**Instructions for the task:**
State, as a single number, how many lines in the data below contain "Organic".

========================

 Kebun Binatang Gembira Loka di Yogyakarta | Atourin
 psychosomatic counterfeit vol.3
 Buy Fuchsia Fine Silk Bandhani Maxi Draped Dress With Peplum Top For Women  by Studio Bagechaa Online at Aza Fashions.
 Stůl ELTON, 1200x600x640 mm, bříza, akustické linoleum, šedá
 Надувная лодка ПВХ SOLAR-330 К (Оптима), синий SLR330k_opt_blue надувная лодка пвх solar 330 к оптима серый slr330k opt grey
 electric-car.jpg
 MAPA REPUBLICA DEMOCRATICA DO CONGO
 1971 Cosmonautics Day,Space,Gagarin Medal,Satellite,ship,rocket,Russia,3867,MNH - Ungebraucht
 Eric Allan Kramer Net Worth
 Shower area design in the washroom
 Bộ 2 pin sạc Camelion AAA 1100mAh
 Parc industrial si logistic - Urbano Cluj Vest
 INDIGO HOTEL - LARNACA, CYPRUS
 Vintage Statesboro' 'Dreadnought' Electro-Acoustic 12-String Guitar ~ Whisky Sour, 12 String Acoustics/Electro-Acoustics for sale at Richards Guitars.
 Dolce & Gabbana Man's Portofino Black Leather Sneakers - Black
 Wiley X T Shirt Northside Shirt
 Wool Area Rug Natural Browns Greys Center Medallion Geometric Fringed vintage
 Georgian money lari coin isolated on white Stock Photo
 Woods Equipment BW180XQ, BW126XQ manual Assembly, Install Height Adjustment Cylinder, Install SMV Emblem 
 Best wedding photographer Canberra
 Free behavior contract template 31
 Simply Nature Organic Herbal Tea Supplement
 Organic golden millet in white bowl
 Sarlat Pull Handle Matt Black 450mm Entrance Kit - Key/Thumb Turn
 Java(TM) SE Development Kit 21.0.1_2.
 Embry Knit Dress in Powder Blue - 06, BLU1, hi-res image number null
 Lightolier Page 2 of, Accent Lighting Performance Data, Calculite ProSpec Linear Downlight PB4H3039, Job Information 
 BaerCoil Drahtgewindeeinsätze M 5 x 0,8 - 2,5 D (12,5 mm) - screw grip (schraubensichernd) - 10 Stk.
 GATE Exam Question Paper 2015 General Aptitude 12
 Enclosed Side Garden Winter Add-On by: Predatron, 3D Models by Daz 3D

========================

**Reply:**
2